There are some very smooth, attractive Cote Roties in 2011.  Clusel Roch’s for me were the pick of a good solid bunch. One perhaps expects rather less of St Joseph, being a large and highly variable appellation in all but the most consistent of years, though it must be said when you hit on one from a good producer its quality, value and sheer drinkability is second to none.  I found the 2011 St Joseph reds at Perret and Villard highly successful, the latter producer has refined his red winemaking style over the last three years, his ‘11s seem to be the culmination of these efforts – thoroughly moreish, seductive Syrahs that mix ripeness, elegance and a Rhone typicity.  They bear little resemblance to the bigger versions of his early years.

Many of these 2011 Northern Rhone reds gave me immense pleasure, I found them a notch above the Southern Rhone wines and considerably more consistent.  It was potentially a large crop here, as with their cousins further south, so limiting yields was important but unlike Chateauneuf and the Southern villages, alcohol levels were restrained, averaging 13 degrees natural.  The resultant wines offer ripe, fresh flavours, round textures and tremendous overall balance. They will be very enjoyable in their youth over 3-5 years after bottling, though i suspect the top wines will still be drinking well from 7-10 years after, best normally to avoid the 4-7 year hole after bottling when some vintages can go into a closed phase.  Producers compare 2011 to 2004 (a vintage drinking exceptionally well now) or 2006 but with a little less structure and acidity than the latter.  Other Northern Rhone vintages drinking well now are 2008, 2001 and 2000.  In Hermitage they recommend the 2006s already, whereas in Cote Rotie they are a little more tentative about the readiness of this very fine vintage.  

Thursday, 8 July 2010

Rhone 2009 - The Septentrional Slog

Posted by Giles Burke-Gaffney, Buying Director

After two days of Meridional marathon in the Southern Rhone, I embarked on an even more gruelling two days in the Septentrional North. I have visited 7 producers both yesterday and today(thursday)taking in the best of Cornas, Crozes, St Joseph, Hermitage, Condrieu, Cote Rotie and that well known Vin de Pays, Seyssuel! I have seen all of our regulars such as Chave, Domaine du Coulet, Domaine du Colombier, Perret and Rostaing to name a few, as well as keeping an eye on the regions young (winemaking!) talents, people such as Semaska, PJ Villa and Stephane Ogier. That makes 26 producers in 4 days. Now, before you all sarcastically get your violins out, actually this has not been such a tall order. Glancing at my schedule upon arriving late into Marseille on Sunday, I thought I had gone perhaps a touch o.t.t., but in fact the style and quality of this vintage has really made it feel rather effortless.

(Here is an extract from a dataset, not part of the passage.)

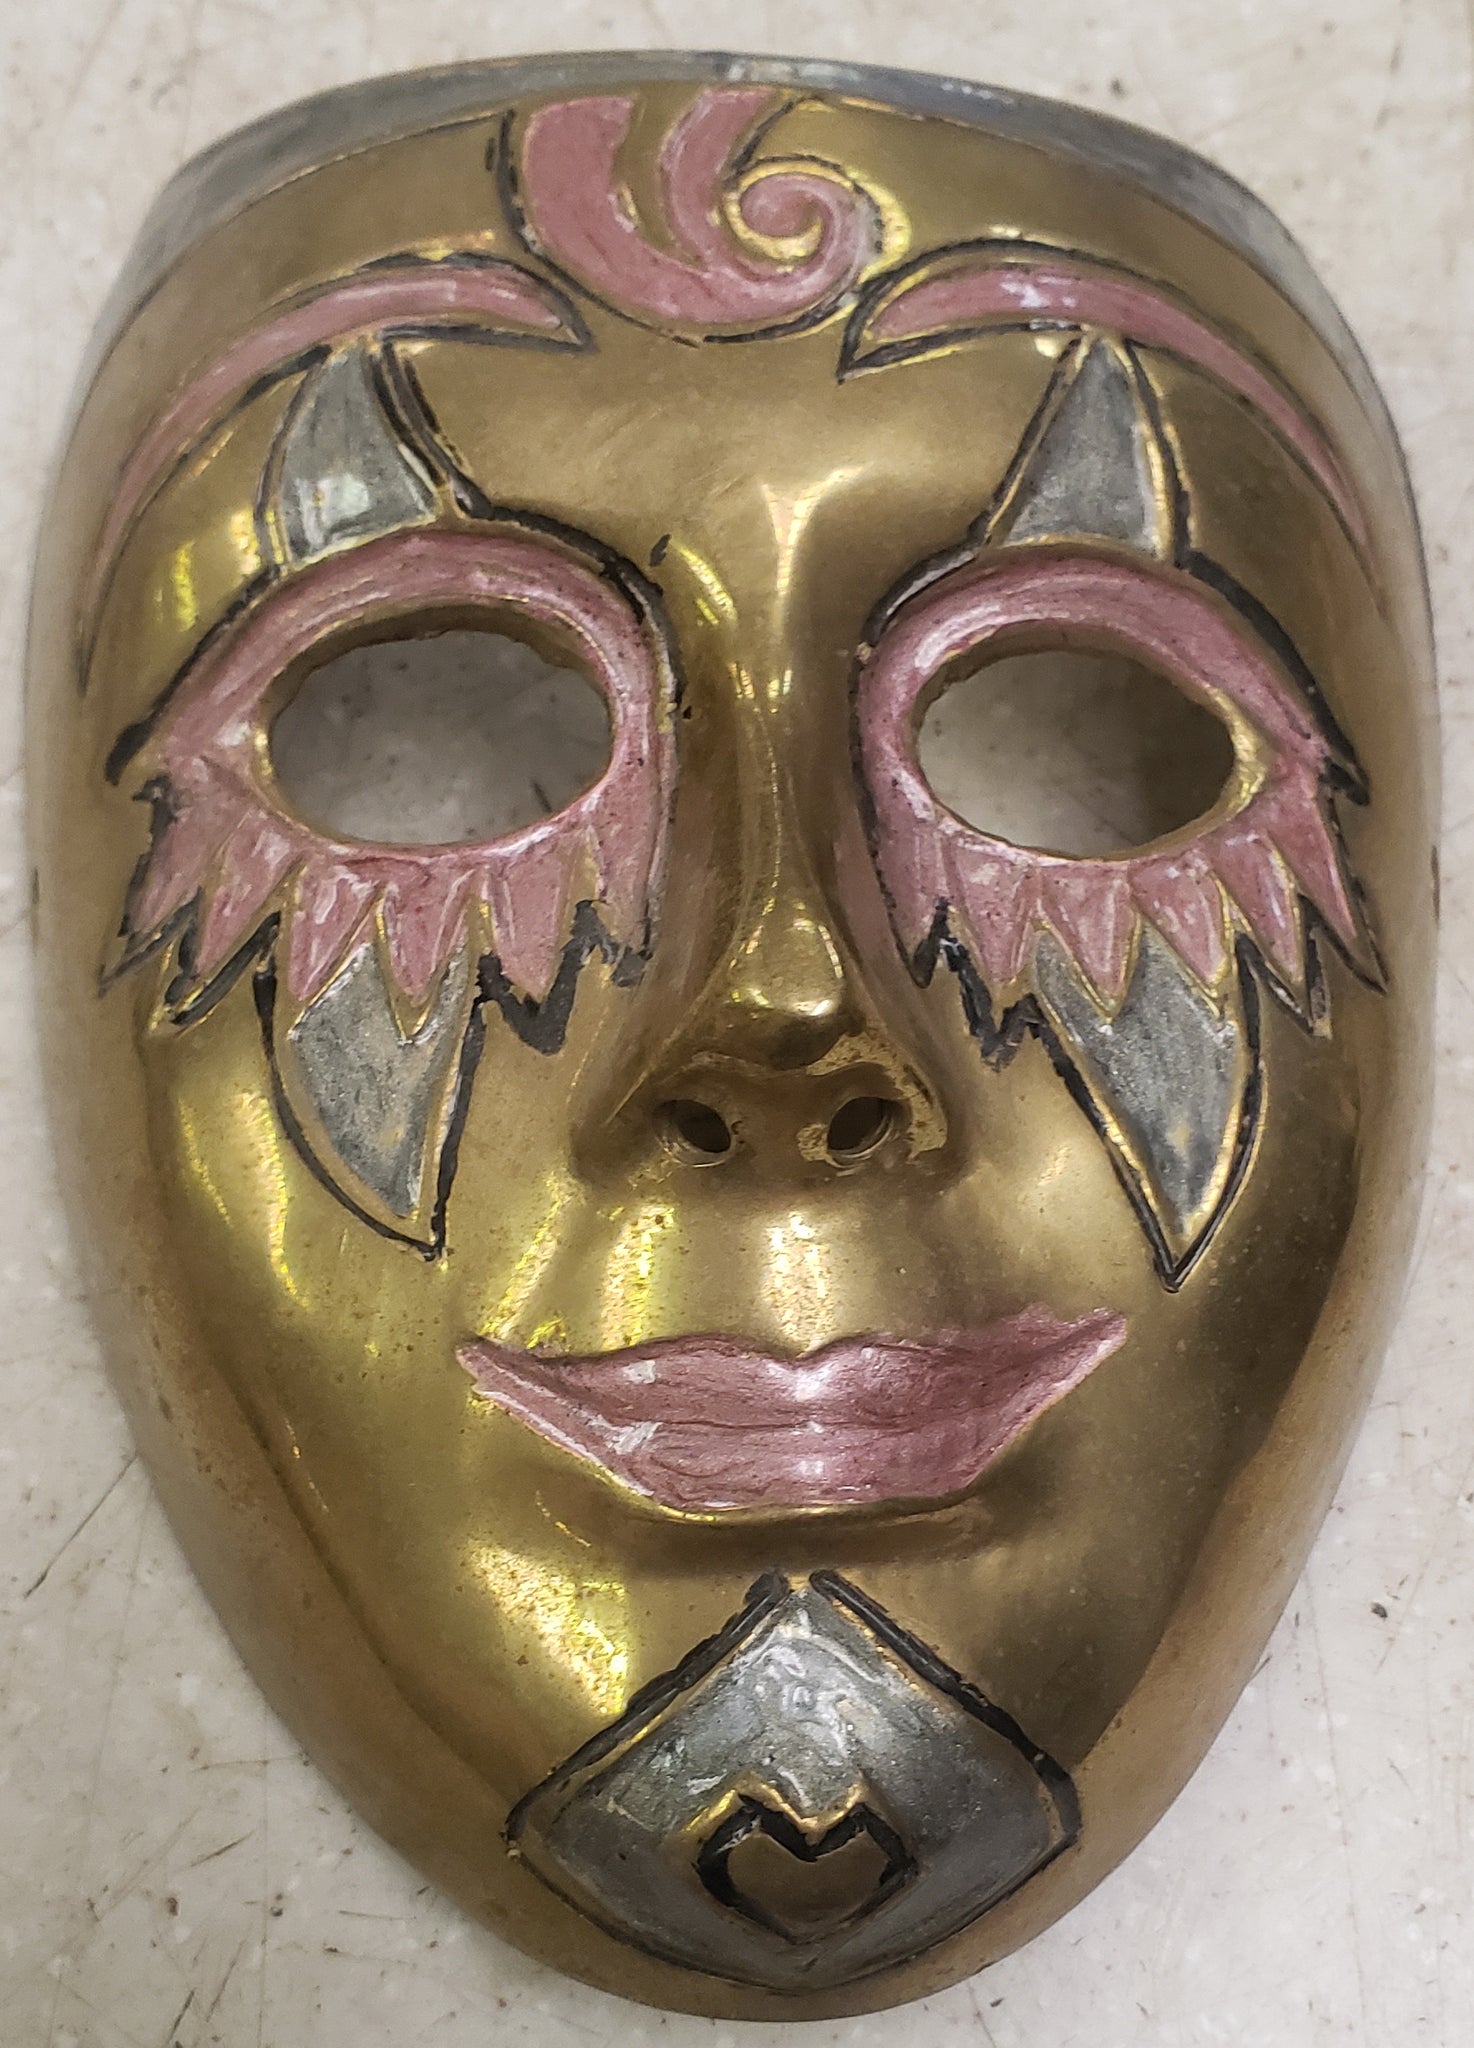 Vintage Remco Decorative Metal Mask - Made in India (5-3/4 x 4-1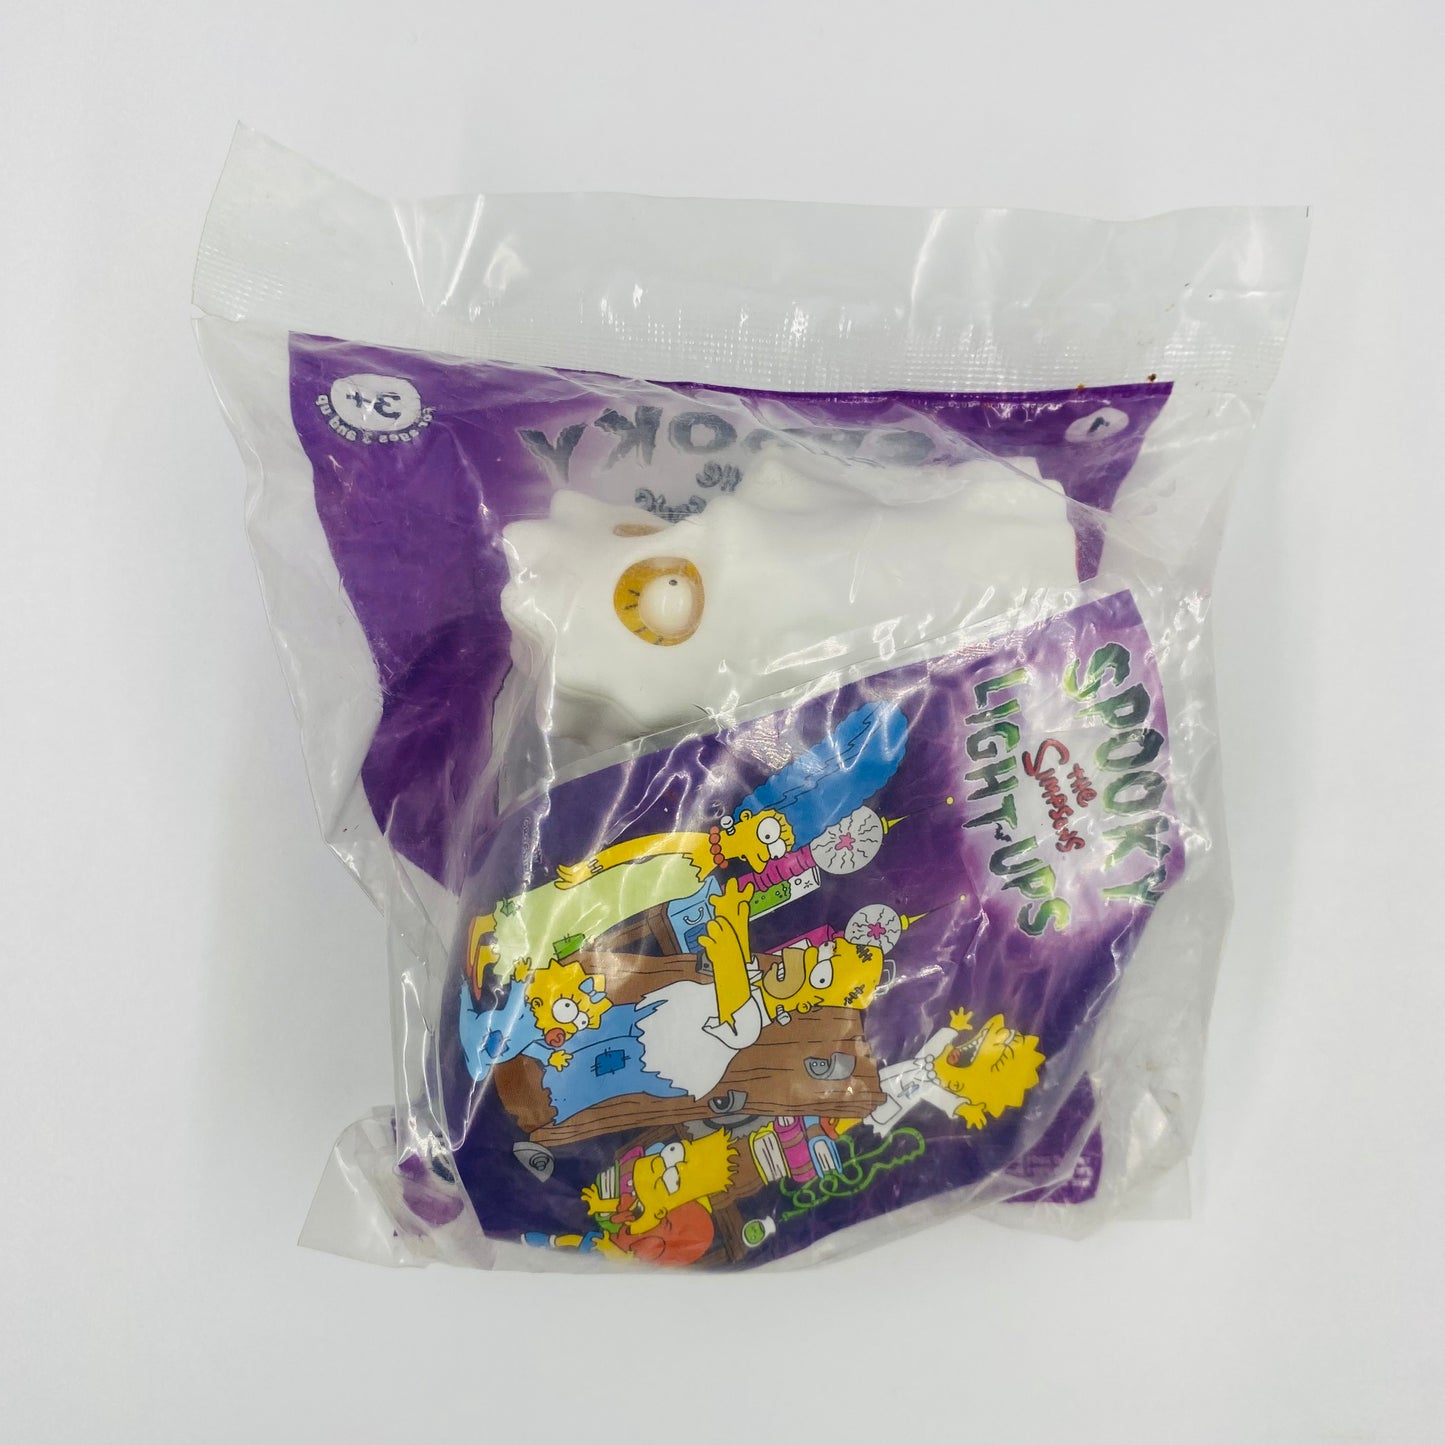 The Simpsons Spooky Light-Ups Lisa Simpson Burger King Kids' Meals toy (2001) bagged

Whilst 09 is a small vintage in the south because of the very few bunches of Grenache that had formed on the vines, in the north it is a vintage of quality and quantity like 1999. Some producers in Cornas prefer the elegance of 08 to the richness of 09, remember that this appellation's sheer, exposed and well-drained slopes produced very good 2008s. 2009s in Cornas are enormously rich and intense, some top the charts at 15 degrees alcohol, too much wine for some people perhaps, but I am sure they will earn great critical acclaim in some quarters. Domaine du Coulet have made an incredible Gore Cuvee this year. St Joseph is particularly high performing, i think, perhaps some of the most balanced wines of the vintage, Perret's Grisieres is sublime and Villard has made the vintage of his life, in my opinion. Rene Rostaing was ebullient and rightly so, all three of his Cuvees were exemplary. Clusel Roch will be releasing a very serious Grandes Places aswell as a separate bottling of, for the first time, La Viaillere which that i thought remarkable and one of my personal favourites of the trip.

For anyone who remembers and still has examples of that great 1999 Northern Rhone vintage, I tasted a Grandes Places 99 with Brigitte Roch. On the basis of this 99s are every bit as wonderful as they were on release. Really impressive, one of the greats, but worth holding onto for at least another 5 - 10 years, it is still so young.